This Act establishes Medicare coverage for a comprehensive, biennial preventive home visit to assess health risks and coordinate necessary in-home support services.
Angus King
Senator
ME
The Preventive Home Visit Act establishes new Medicare coverage for comprehensive, in-home preventive assessments conducted by qualified health professionals. These visits aim to identify home-based health risks and provide necessary referrals for modifications or training to prevent falls and maintain wellness. Coverage is limited to once every two years, with payments set at 100% of the actual cost or the established rate.
The new Preventive Home Visit Act is making a significant change to how Medicare handles preventive care, focusing on keeping people healthy and safe right where they live. Starting January 1, 2027, Medicare will cover a new service called a “preventive home visit.” This isn't just a quick phone call; it means a qualified health professional or team will come to your home (or connect remotely) to check out your living space and identify health risks.
Think of this as a safety and health audit for your home, paid for by Medicare. The goal is to spot problems before they turn into expensive emergencies, like a broken hip from a fall. The bill specifically mandates that the health professional assesses your environment, identifies risks, and then provides referrals for things like home modifications (think grab bars or better lighting), balance training, or nutritional support to improve strength (Sec. 2). For a busy person whose parent or older relative is aging in place, this is a huge deal. It’s a proactive measure designed to prevent the kind of accidents that lead to lengthy hospital stays.
Here’s the good news on the money front: Medicare will cover 100 percent of the actual cost for this visit, up to a set rate (Sec. 2). Crucially, the Secretary of Health and Human Services is required to set a single, bundled payment for the entire visit and any referrals that come out of it. This bundled payment structure is designed to streamline the process for providers, making it easier for them to offer the full scope of necessary services without haggling over individual charges.
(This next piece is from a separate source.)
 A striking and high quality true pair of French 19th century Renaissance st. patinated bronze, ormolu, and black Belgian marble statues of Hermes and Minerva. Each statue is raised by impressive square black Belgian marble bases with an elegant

However, there’s a catch on frequency: you can only receive this preventive home visit once every two years. If your health situation or living arrangement changes rapidly—say, you have a surgery or a major life event—you might need more frequent check-ins than the law allows. While the intent is clearly to provide a valuable, fully covered service, that two-year limit might be too restrictive for those with complex or quickly evolving needs.
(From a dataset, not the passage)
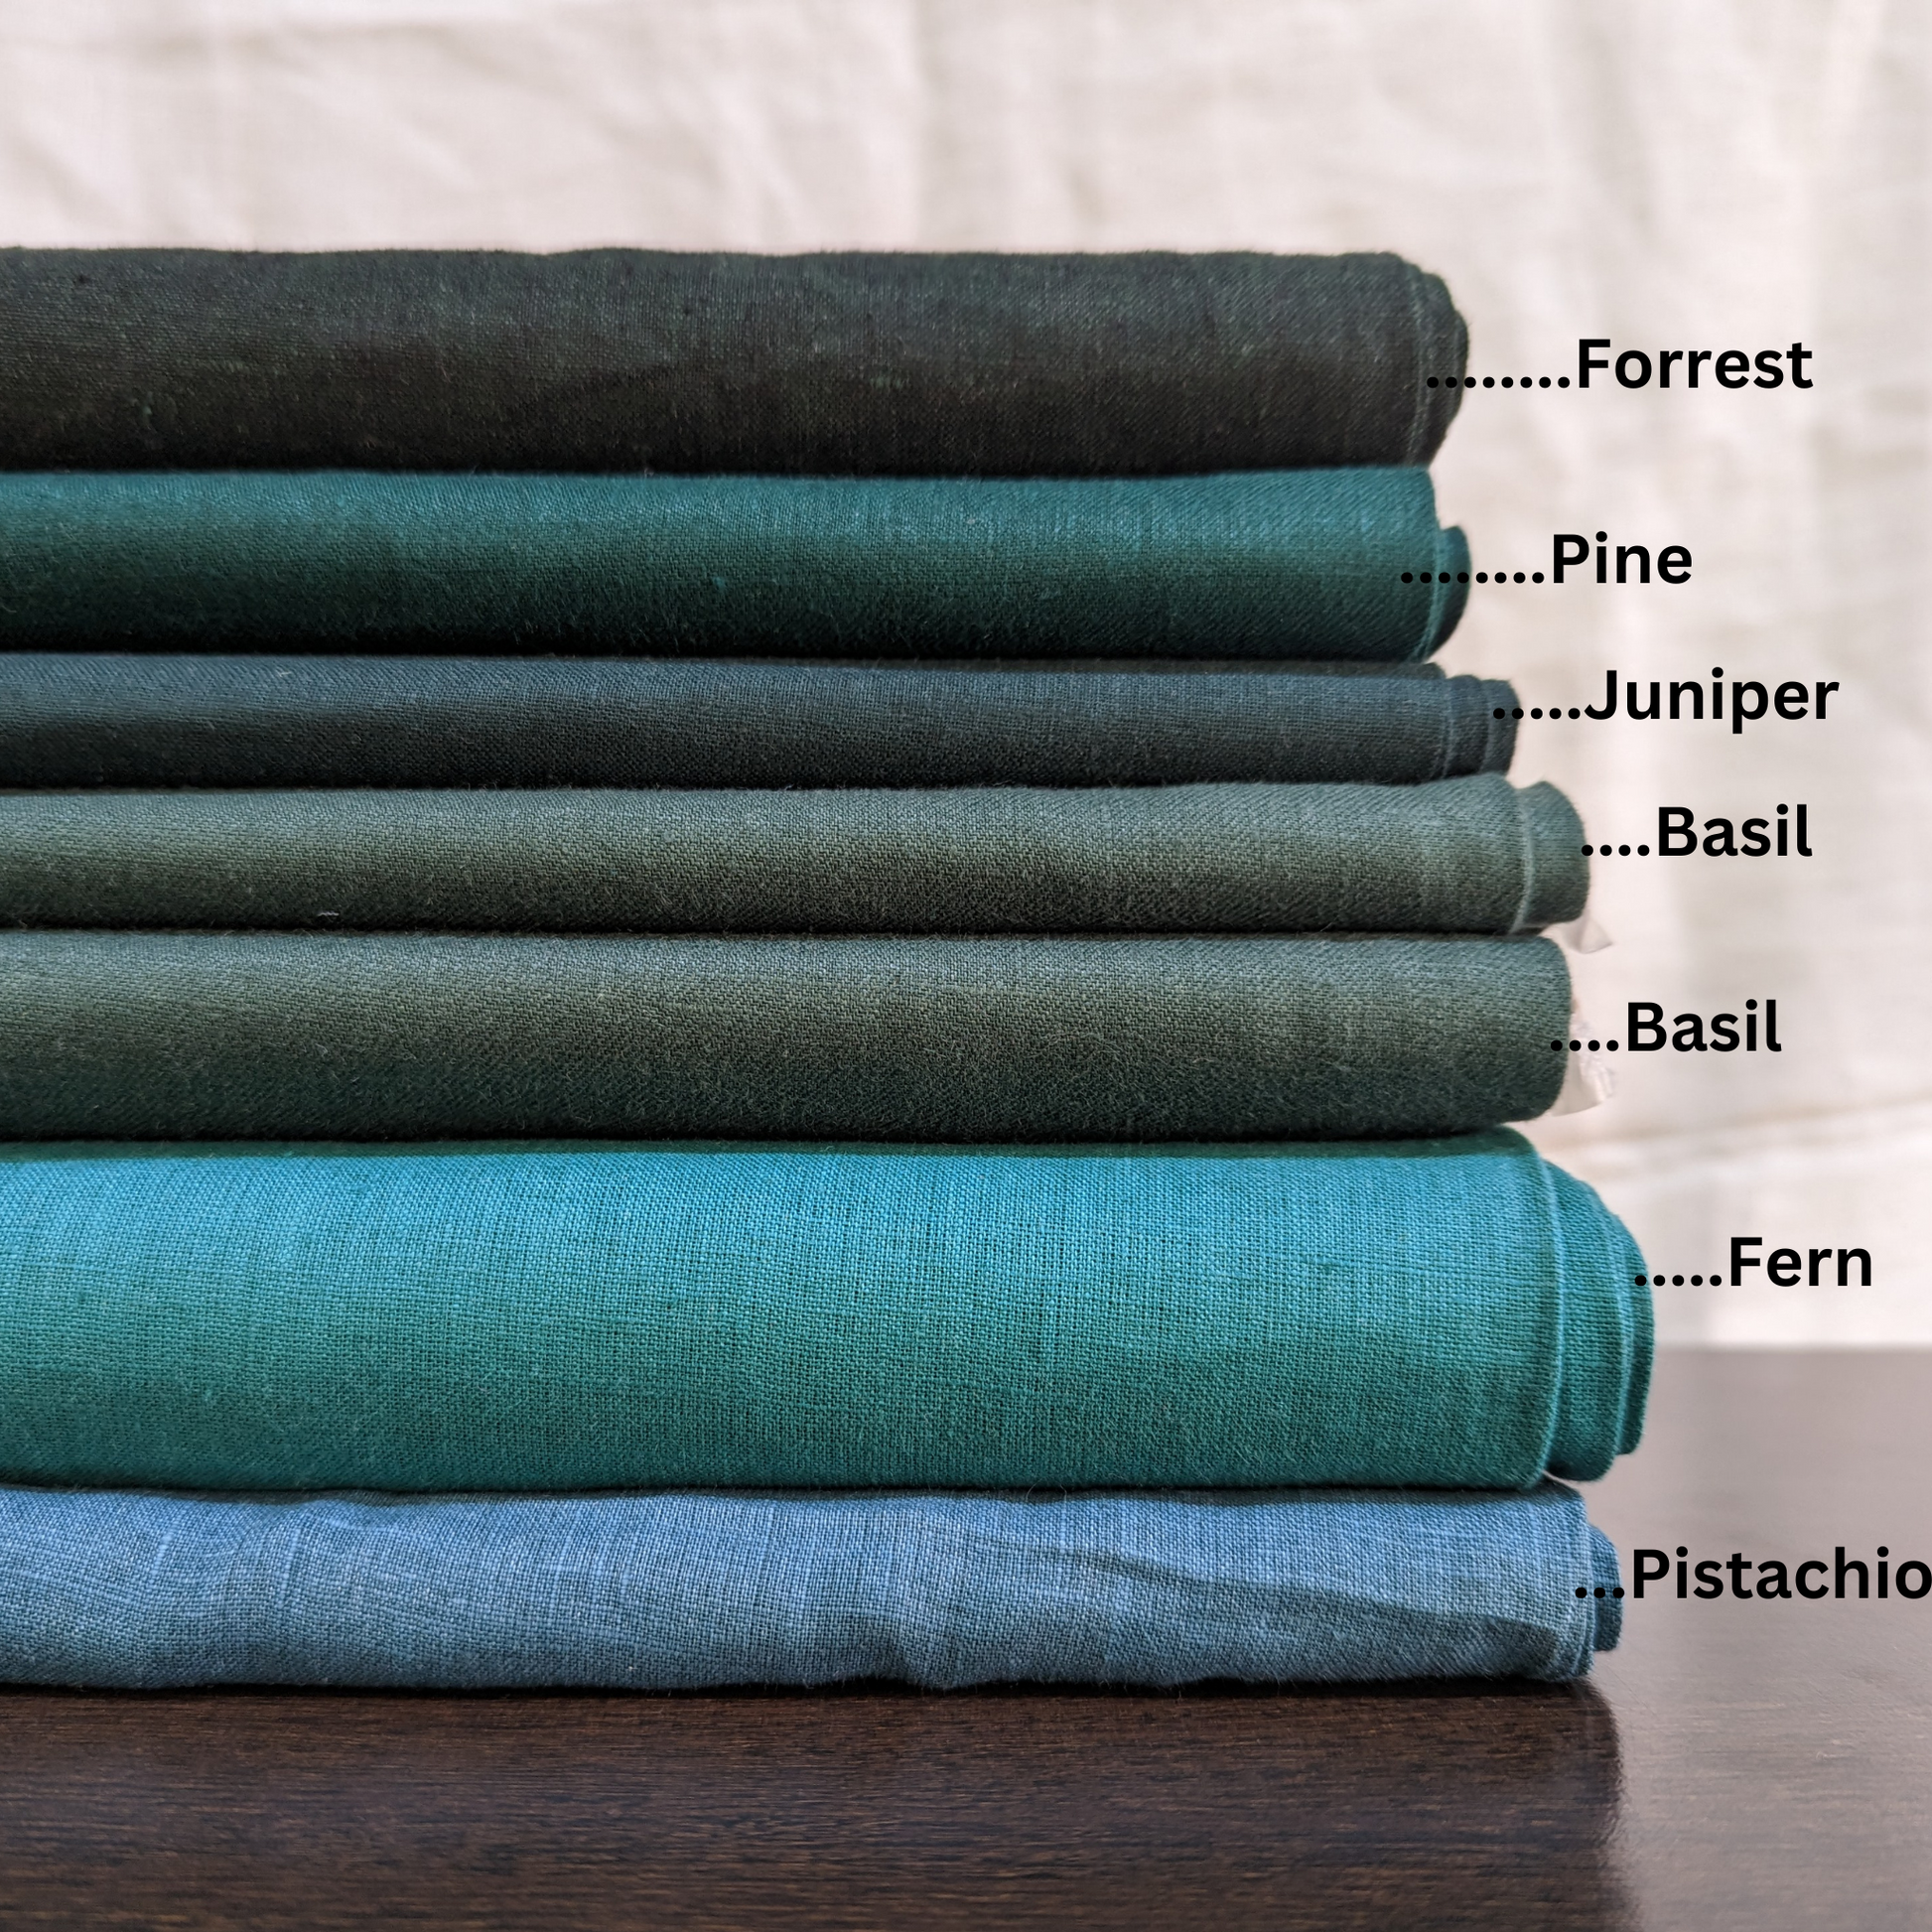 Forrest Greens: Versatile Pure Linen Fabric, Used for Shirts, Dresses, Tops, Bedding, CORDs - OrganoLinen

This legislation essentially formalizes and fully funds a key component of proactive senior care. By focusing on the home environment, it acknowledges that health isn't just about what happens in the doctor's office, but also about the safety of where you spend your time. The biggest challenge in implementation will be how the Secretary defines a “qualified health professional” and how generously they set that bundled payment rate. If the rate is too low, providers might be incentivized to cut corners on the referrals—the very part of the service designed to prevent future problems. But overall, for Medicare beneficiaries, this act introduces a genuinely valuable, no-cost tool for staying safe and independent longer.